I’m sorry but this is not an anti-government vote. It’s a hissy fit because reality has finally hit and the conservative bromides of the 1980s work as poorly as the liberal bromides of the 1970s. If Brown were urging big, structural cuts in entitlements, if he were proposing junking health insurance reform because he has a plan to balance the budget in five years, if he were pledging to vote against the wars for the deficit’s sake, if he were proposing ways to restrain private healthcare costs and Medicare’s GOP-passed Medicare D – whose fiscal impact makes the current reform look like a tightwad’s – it would be one thing. But he isn’t and they aren’t.

They merely want to kill a reform presidency. They have no alternative. They have no policy that could restrain health insurance costs and the desperate plight of the uninsured. They have no plans for tackling climate change, when they can bring themselves to admit it exists. They have no plans to win or end the wars in Iraq and Afghanistan that Obama himself isn’t trying.
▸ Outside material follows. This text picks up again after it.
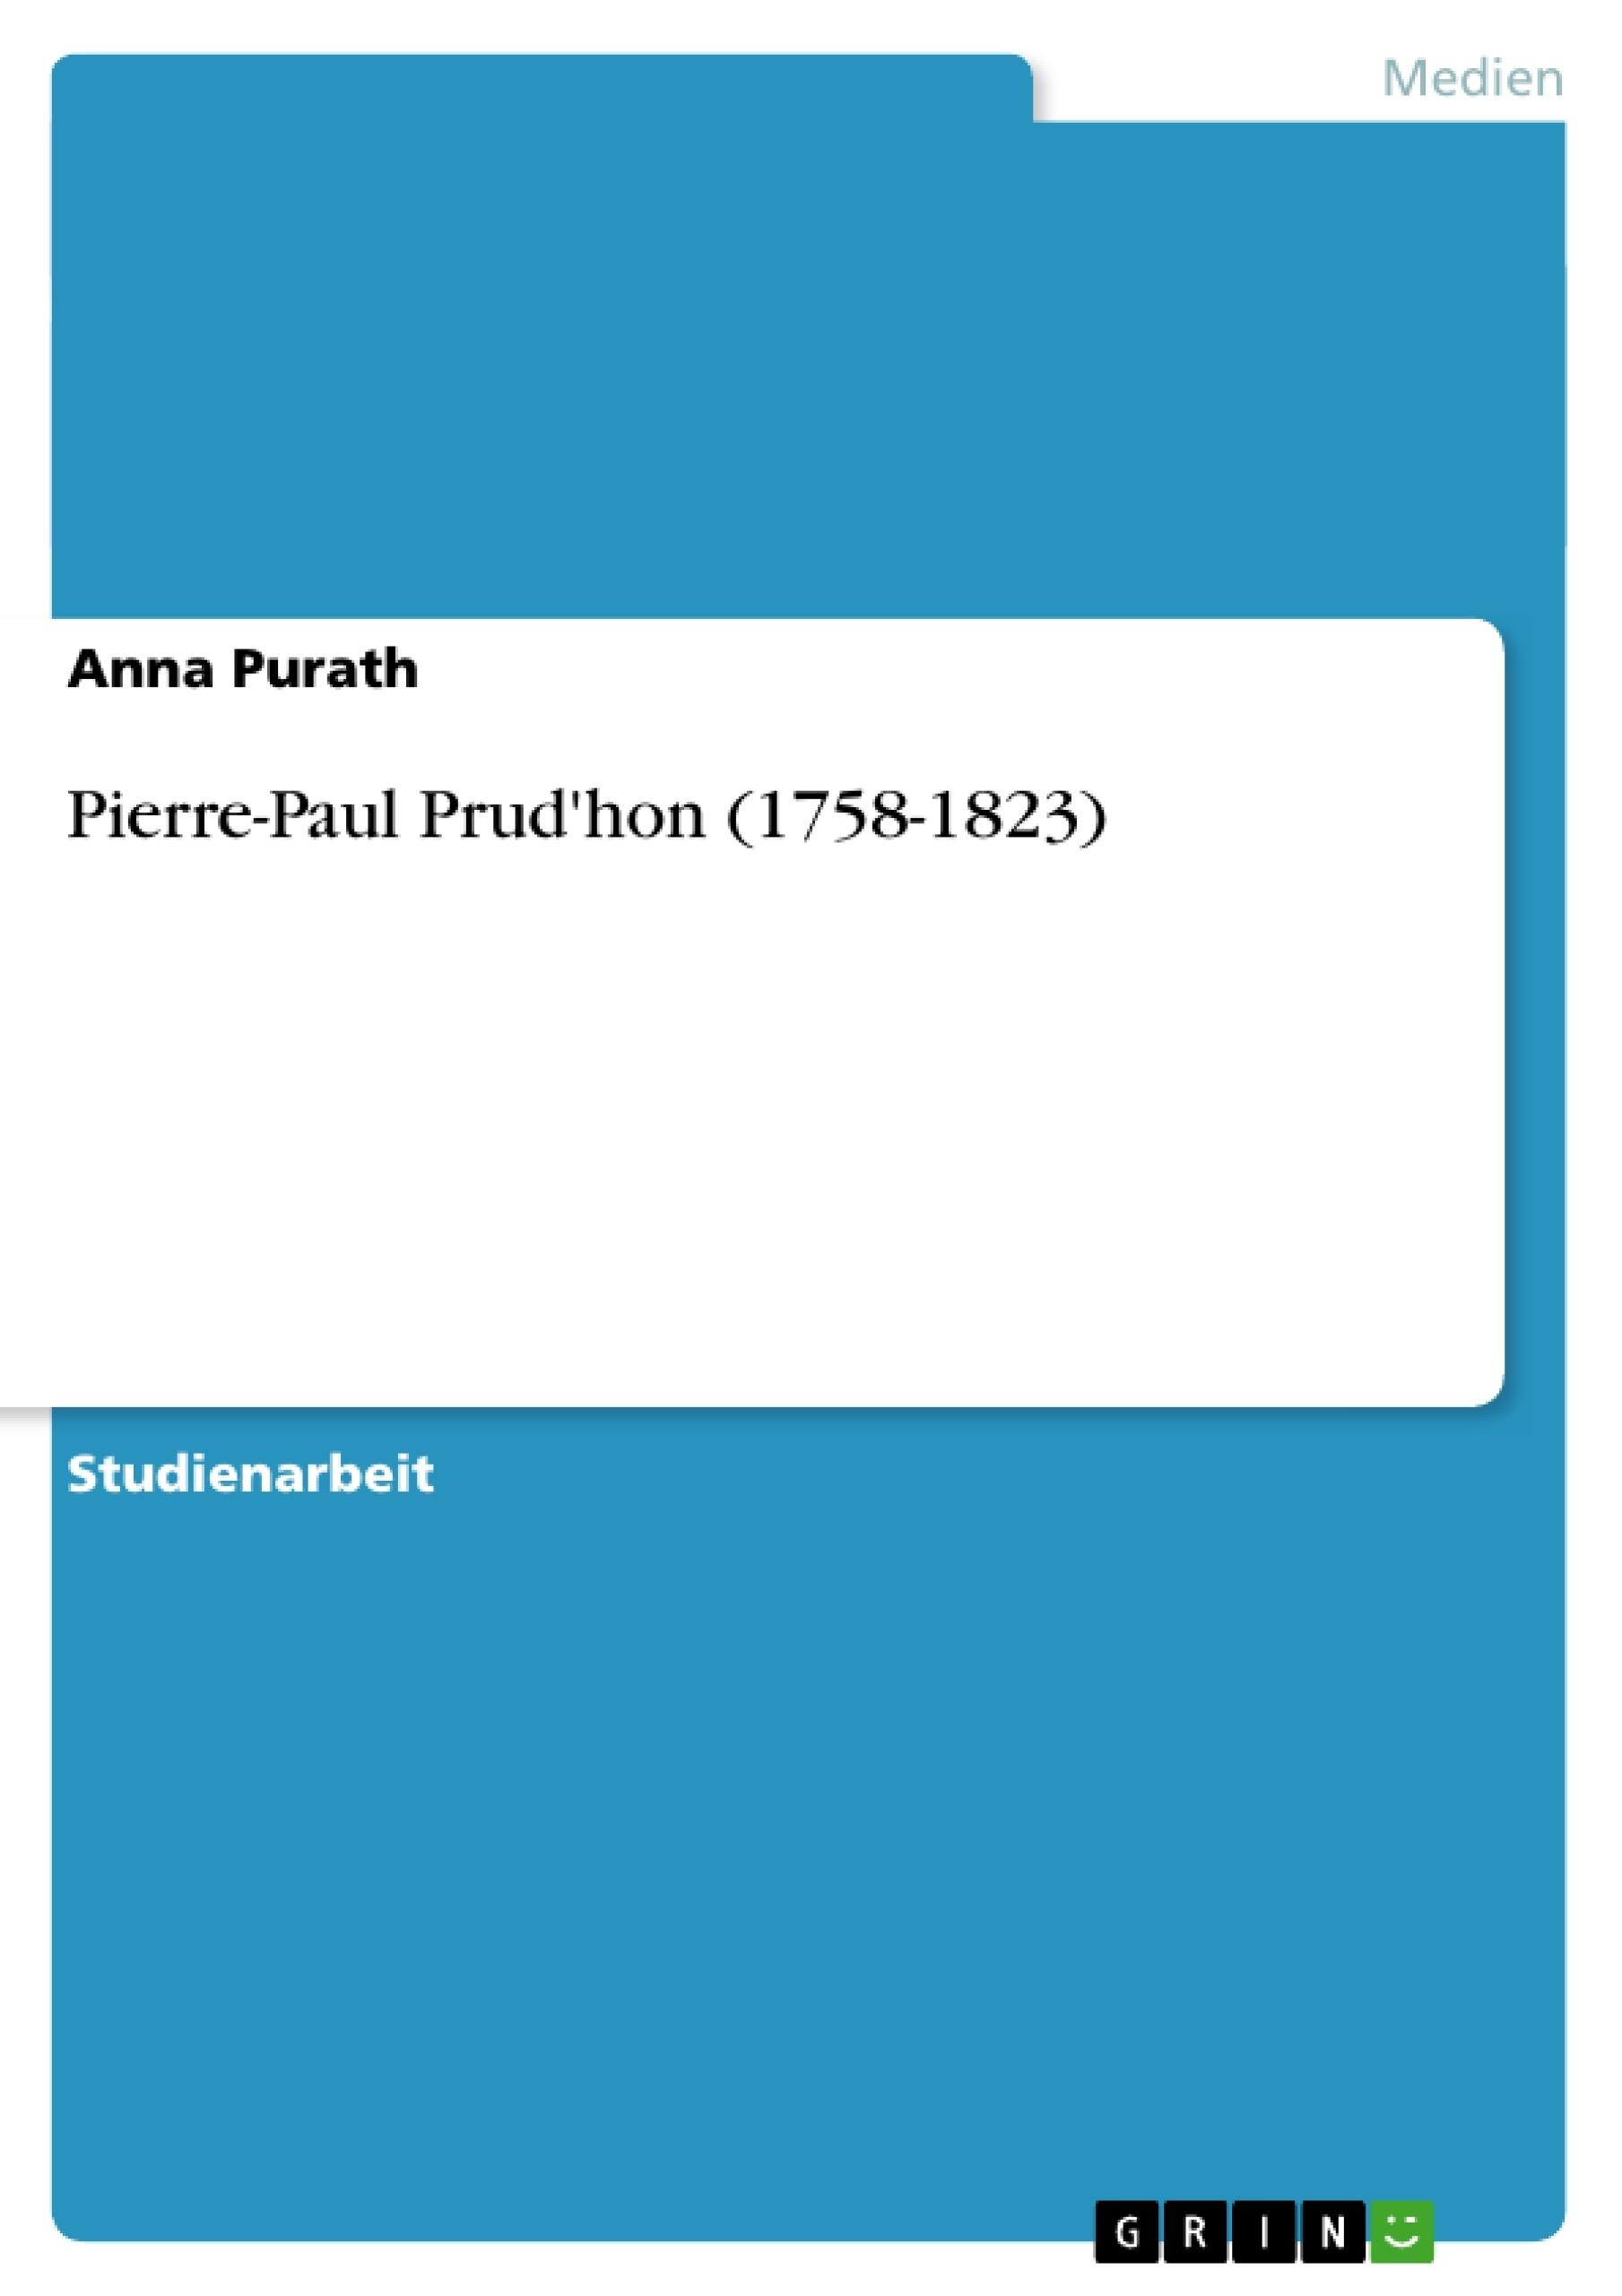 Titel: Pierre-Paul Prud'hon (1758-1823)

They have no idea how to balance the budget – except more tax cuts!

5 Comments

  1. 1
    Pam says:

    Isn’t Massachusetts an overwhelming democratic state?  How in the world did a republican win?

  2. 2
    Ron Chusid says:

    A combination of a poor candidate and anti-incumbent sentiment, along with the other factors mentioned above.

  3. 3
    luke says:

    why did that guy have to win??????????? : ( i wanna cry

  4. 4
    immobileman says:

    The country is tired of the government bullying and not listening to the people or the GOP. The fact that the government is trying to grow, expanding our deficit and overtaking the best healthcare system in the world are some very good reasons.

  5. 5
    Ron Chusid says:

    It is the Republicans who grew the deficit. The actual record of the Republicans is the opposite of their rhetoric. If you are concerned about the deficit you should support health care reform as the CBO scoring demonstrates it will reduce the deficit as compared with the status quo.

    Doctors such as myself are working for health care reform because our system is no longer the best in the world because of Republican policies. The health care still ranks highly–provided you have coverage or are not dropped by your insurance company when you get sick. We have the worse health care delivery system in the industrialized world.